Provide 5 interesting project ideas for a large language model class.

1. **Language Model Ethics and Bias**: Students can explore the ethical implications of large language models, including issues of bias, privacy, and the potential for misuse. They can work on projects that analyze the biases present in language models and propose methods to mitigate them.

2. **Creative Writing Assistants**: Develop a project where students create a tool that uses a large language model to assist in the creative writing process.
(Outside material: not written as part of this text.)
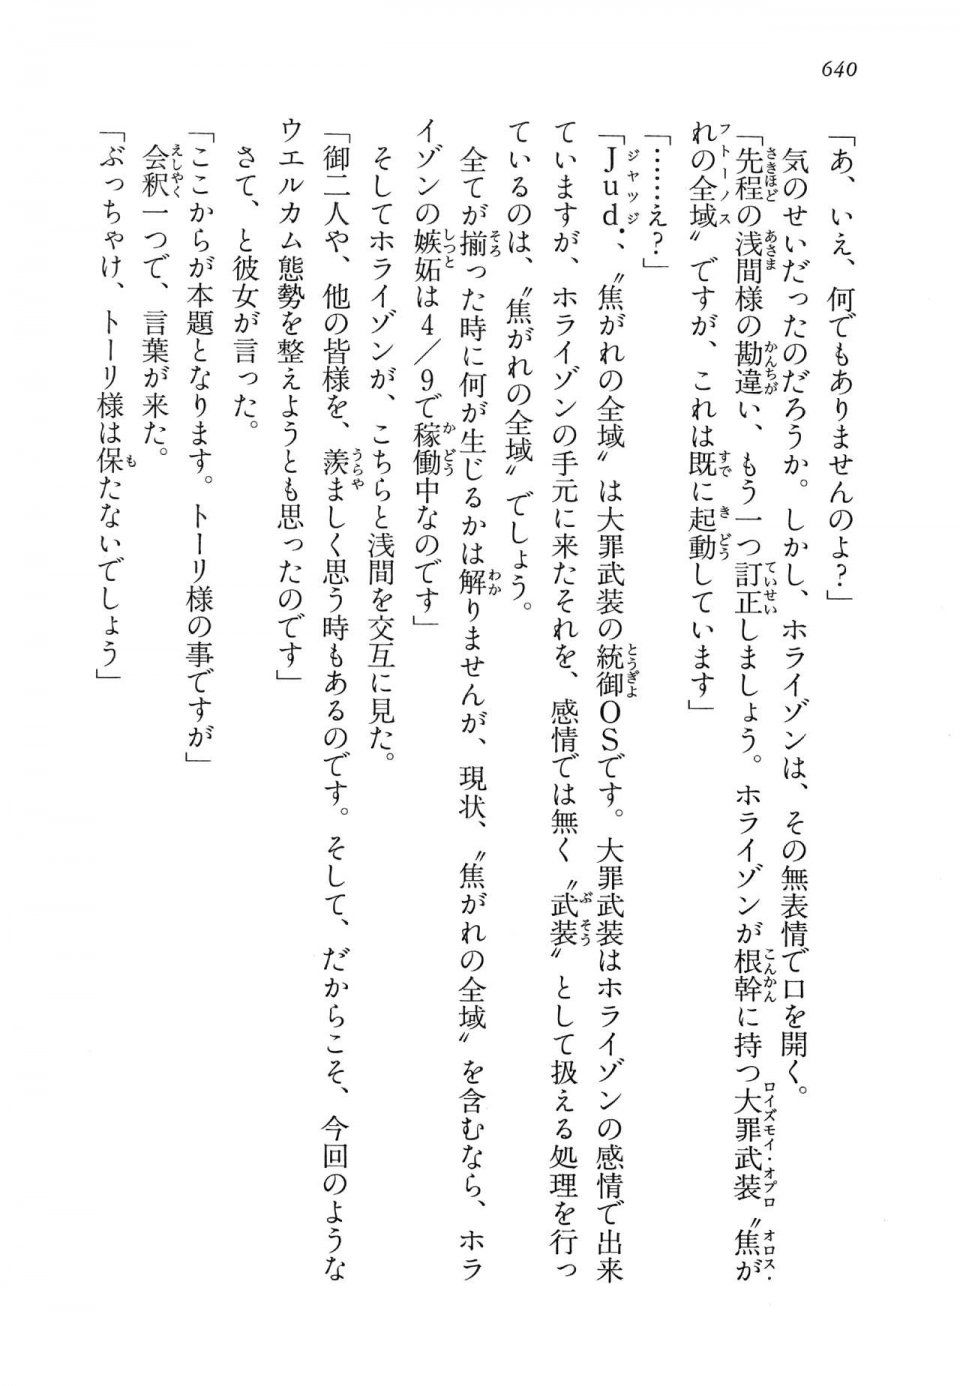 Kyoukai Senjou no Horizon LN Vol 14(6B) - Photo #640

This could include generating story ideas, character descriptions, or even writing entire short stories or poems.

3. **Language Model for Accessibility**: Students can design a project that uses a large language model to create an application for people with disabilities, such as a text-to-speech tool for the visually impaired or a language translation app for non-native speakers.

4. **AI-Powered Tutoring System**: Create a project that involves building an AI-powered tutoring system that uses a large language model to help students learn new languages or improve their writing skills. The system could provide feedback, corrections, and suggestions for improvement.
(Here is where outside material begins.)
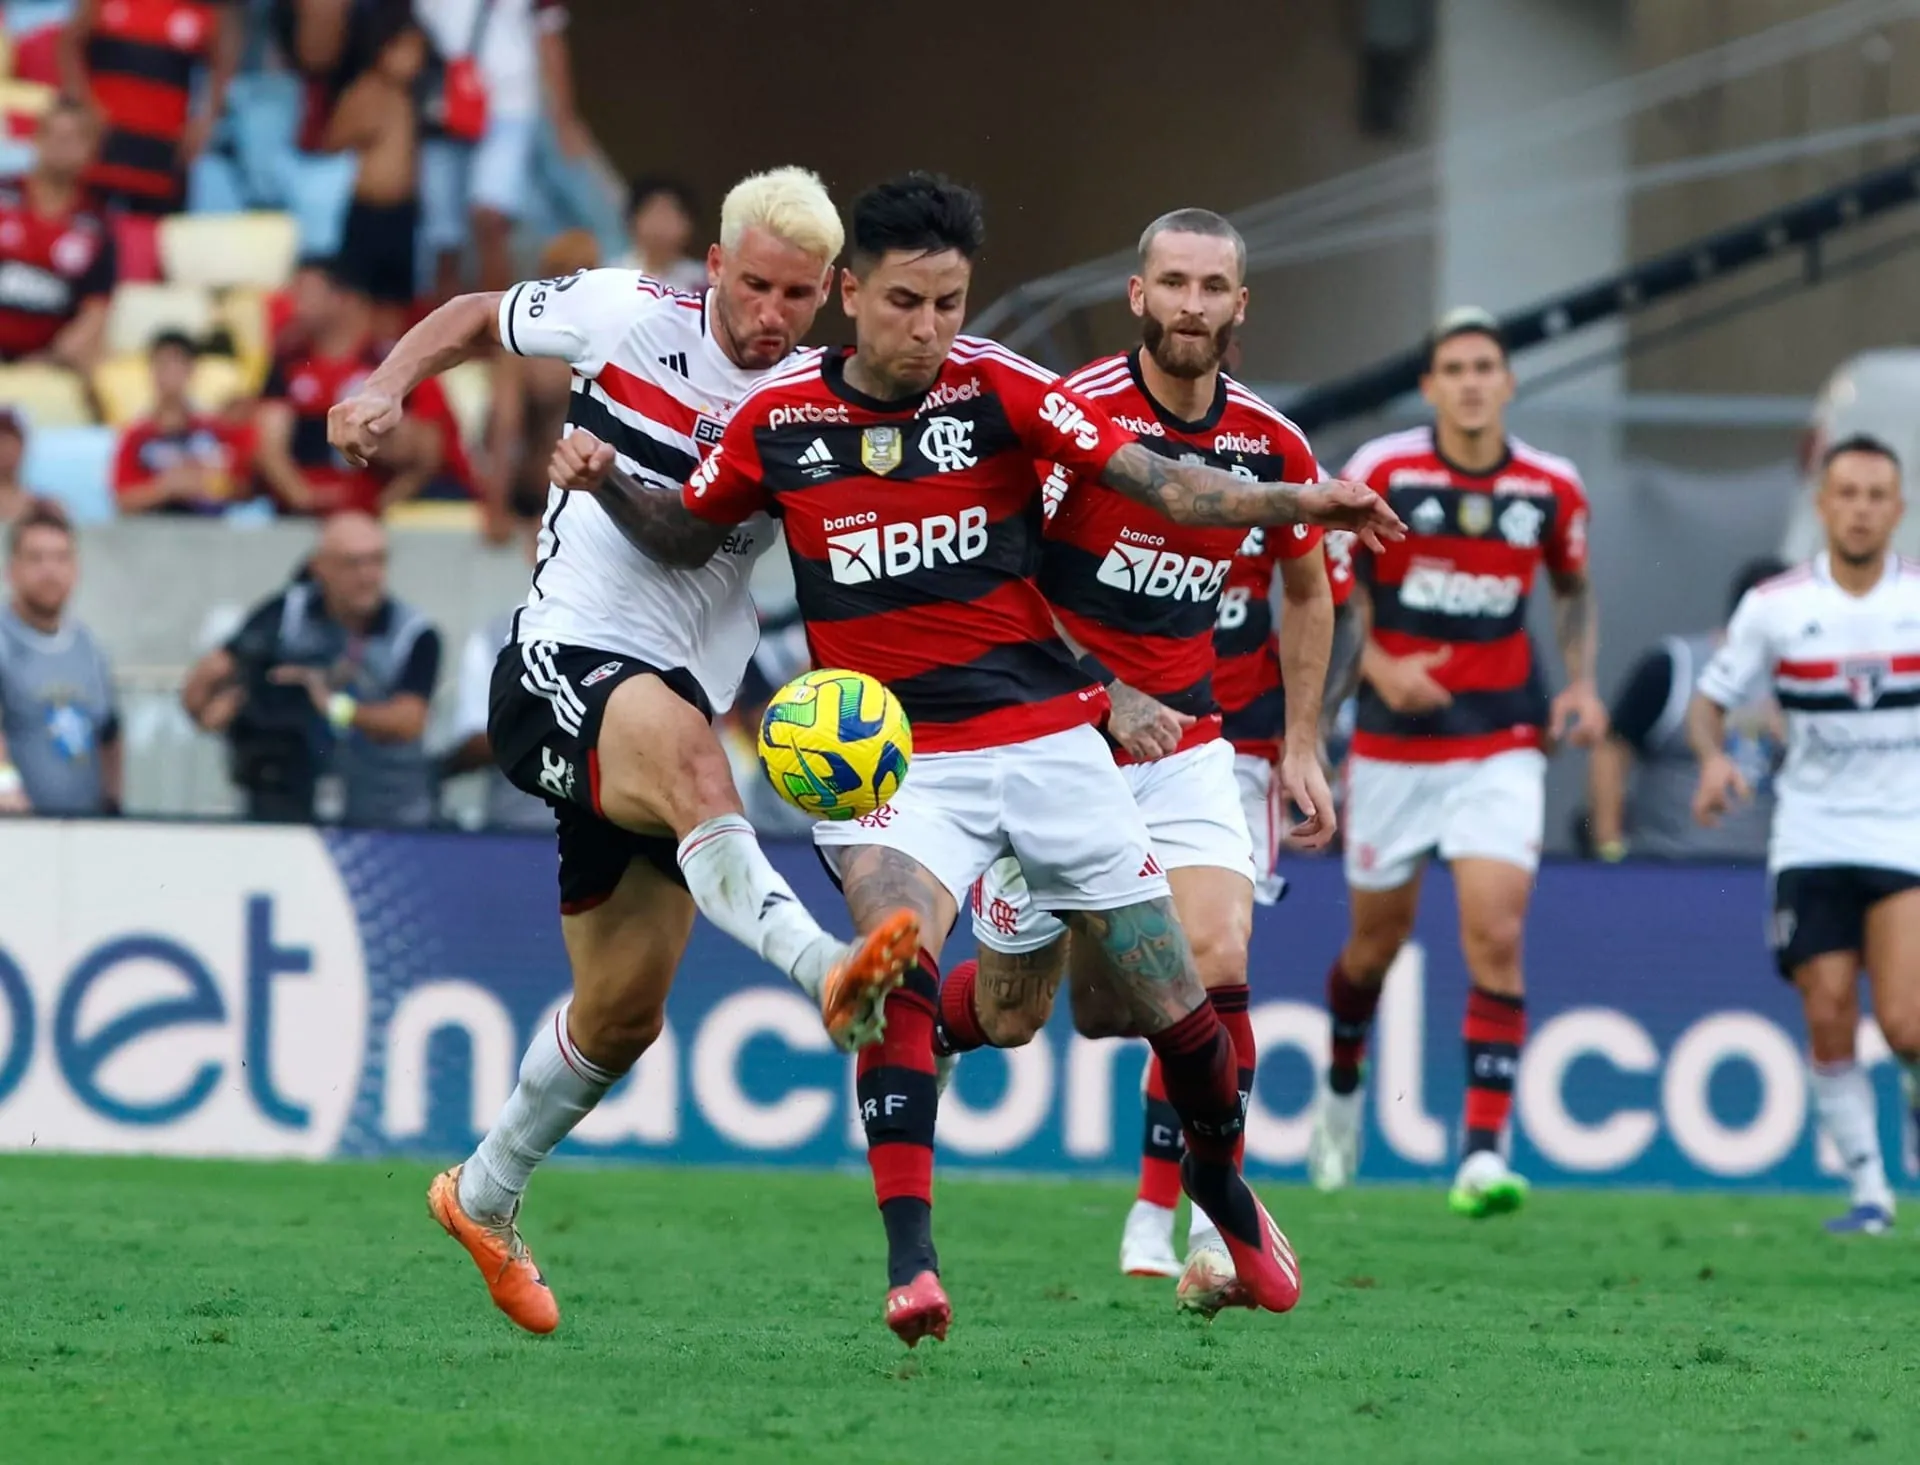 AO VIVO: São Paulo 1 x 1 Flamengo; veja como foi o título tricolor minuto a  minuto

5. **Cultural Exchange Platform**: Develop a project that uses a large language model to create a platform for cultural exchange. This could involve translating texts between different languages, sharing stories and experiences from around the world, or facilitating discussions on cultural topics.

These project ideas not only allow students to apply their knowledge of large language models but also encourage them to think critically about the broader implications of AI technology.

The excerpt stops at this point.